Here are some of the problems that the government will have to address. First, who is to be the decision-maker on whether to deploy troops, is it the government or parliament? Being consulted does not necessarily make parliament the decision-maker. Similarly, if there are too many exceptions to the requirement to consult before deployments begins then parliament’s role will be nominal. Secondly, what is the role of the House of Lords? At the moment the mantra is that since the House of Commons is the elected chamber then only they should have a vote. Clearly that argument will not do if the upper chamber becomes an elected body. Thirdly, will the legal advice of the attorney-general be made available to parliament? The question of the lawfulness of any military action is clearly a crucial influence on whether to approve it. Fourthly, what arrangements will be made for a re-approval process if the nature or scale of the operation significantly changes? Finally, after the Iraq War parliamentarians will be acutely aware that having detailed and accurate background information to any conflict will be vital to making an informed choice on how to vote. Such information obviously includes intelligence assessments. What provisions will the government make to provide such information? Doubtful dossiers are no longer acceptable.

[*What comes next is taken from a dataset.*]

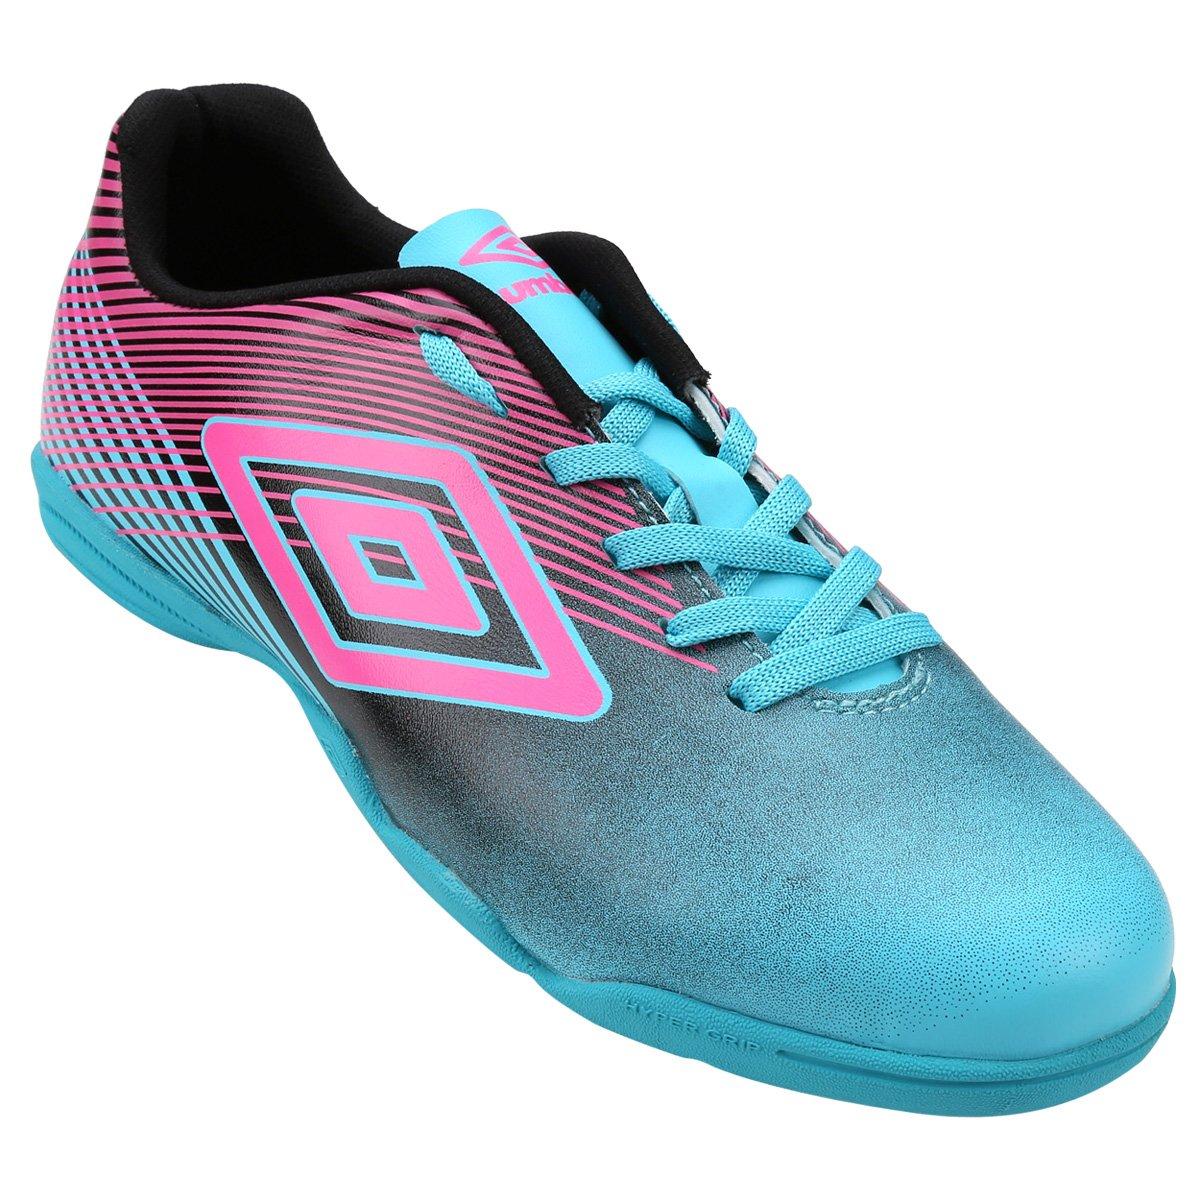 ce3b330608cd8 Chuteira Futsal Umbro Slice 3 Masculina - Compre Agora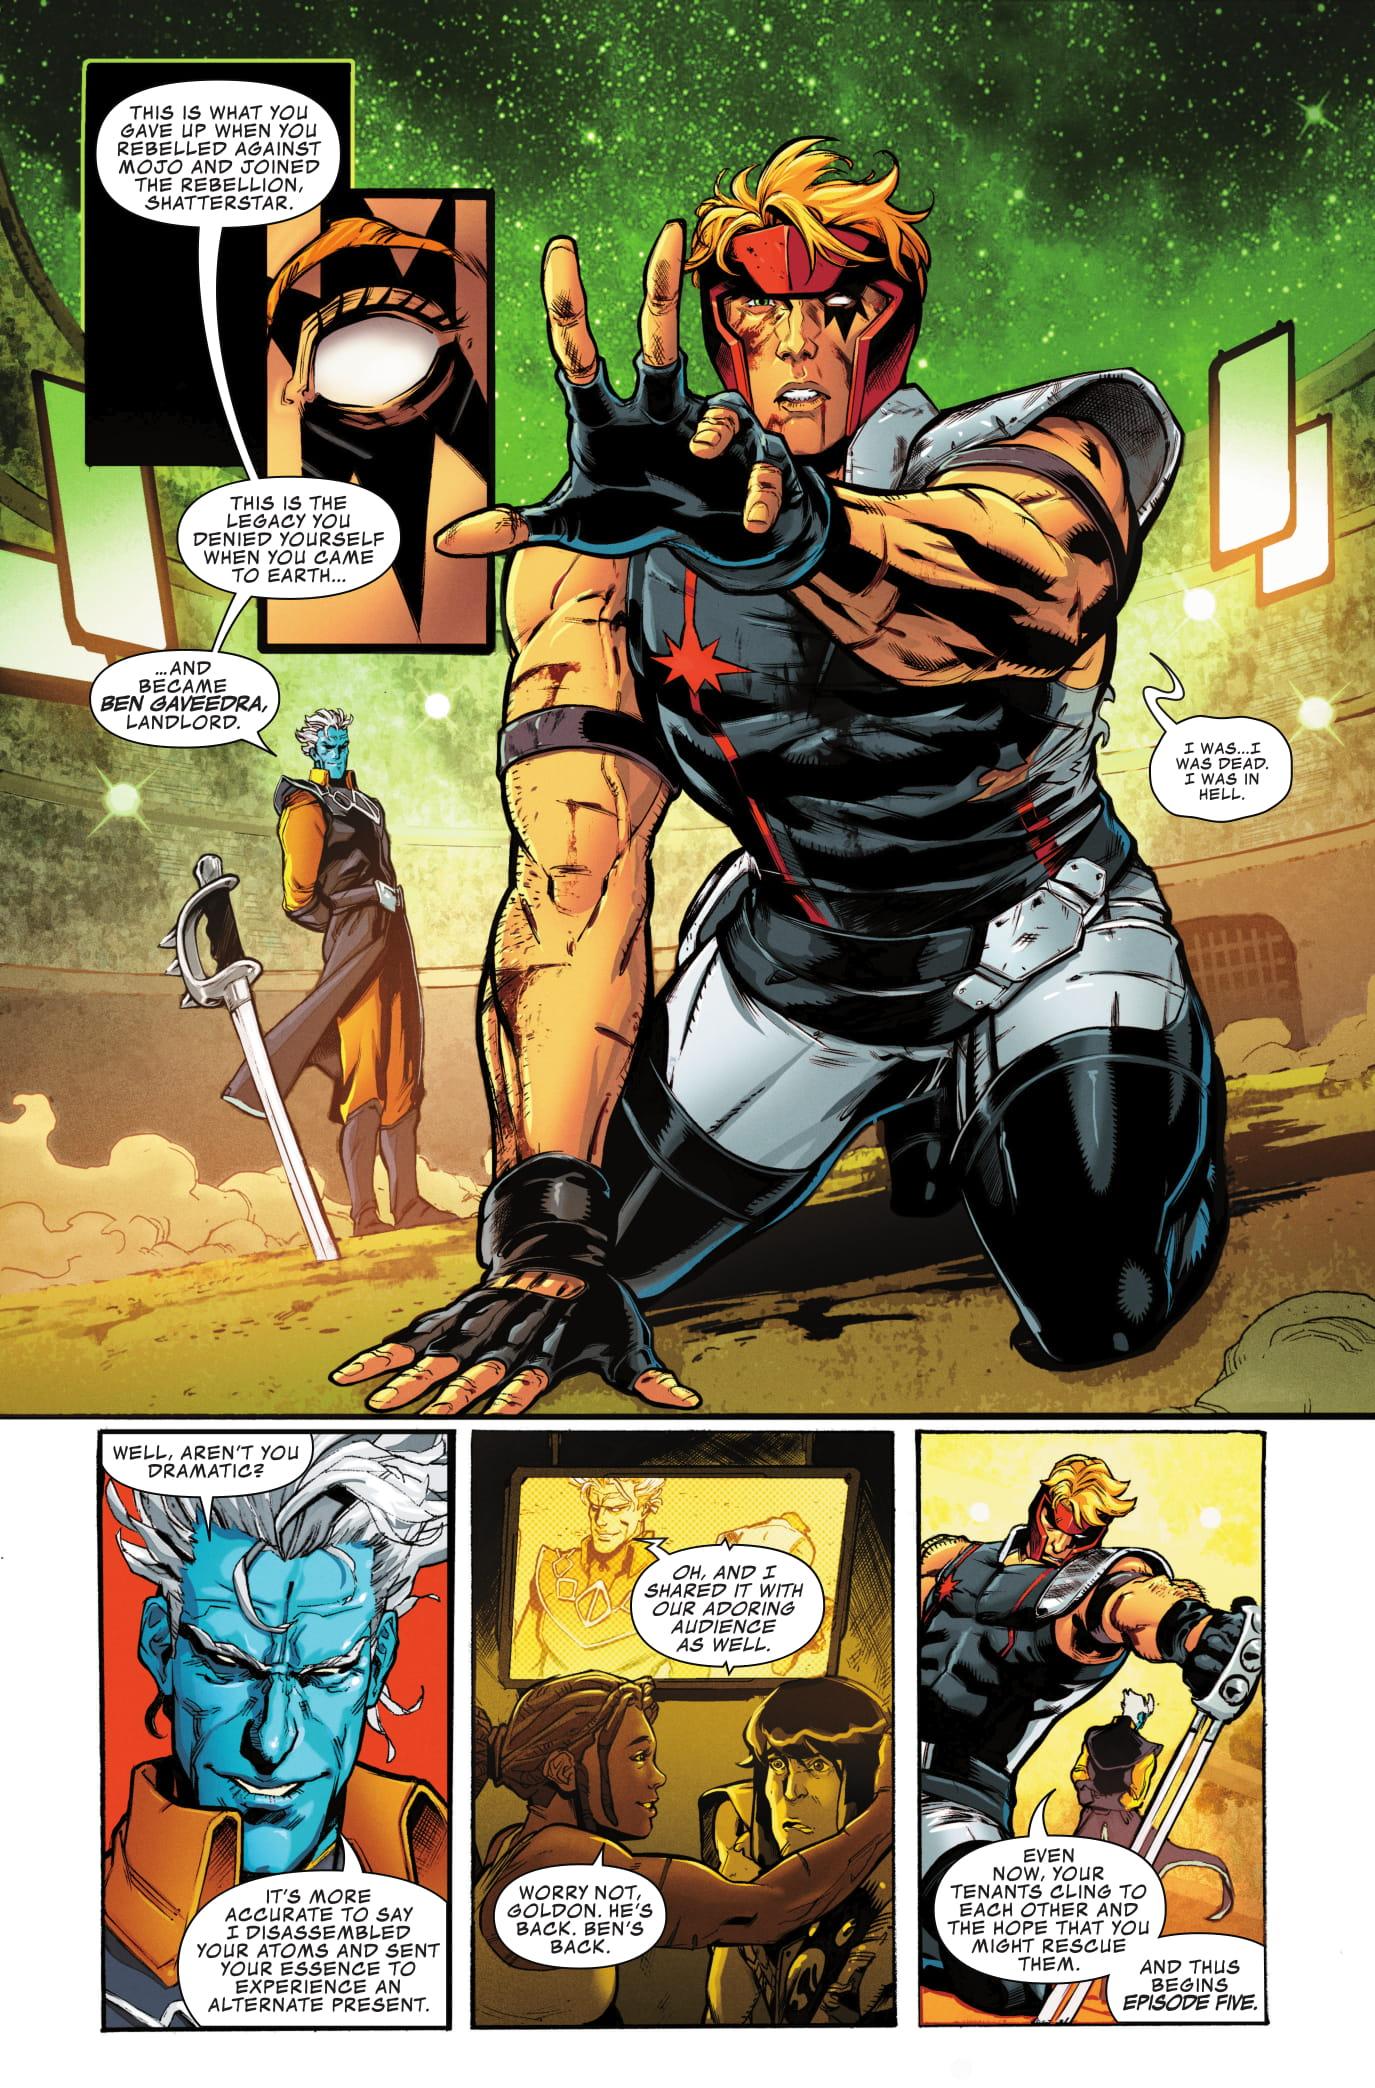 Shatterstar #5 page 4

The above list of issues and problems is just a small sample. The public administration select committee in its 2003 report Taming the Prerogative favoured strict legislative control of executive discretion. By contrast the Lords constitution committee in its report Waging war: Parliament’s role and responsibility (2006) recommended a convention setting out the government’s obligation to seek parliamentary approval before deployment of troops abroad into potential or actual armed conflict. That committee thought that embodying these requirements in an Act of Parliament was the least attractive option because of the risk of judicial review and the possibility of soldiers being prosecuted for having protected the national interest. Notwithstanding the outright rejection of the committee’s proposals by the Blair government his successor Gordon Brown accepted the need for reform. This resulted in specific government proposals, contained in The Governance of Britain, of a detailed draft resolution. This non-statutory solution was endorsed by the joint committee on the draft constitutional renewal bill (2008) although that committee thought the draft needed some changes to it. Many witnesses to that committee thought that the government’s draft resolution gave far too much discretion to the prime minister.

The government’s declaration of intent to pursue reform of the war powers is to be welcomed. Parliamentary counsel will have a challenging task to produce a bill that solves the problem of delivering effective decision-making combined with substantial parliamentary influence. One thing is certain, there is a lot more to be discussed on this issue. Acting swiftly, the House of Commons’ political and constitutional reform select committee on March 31st held a session that analysed recent developments. The committee chair, Graham Allen, concluded the session with the words: “Watch this space”.

Sebastian Payne is the joint chair of the UK Constitutional Law Group and associate fellow at RUSI. He participated in an expert seminar on the royal prerogative with the public administration select committee in 2003 and gave evidence to the other three select committees referred to in this commentary.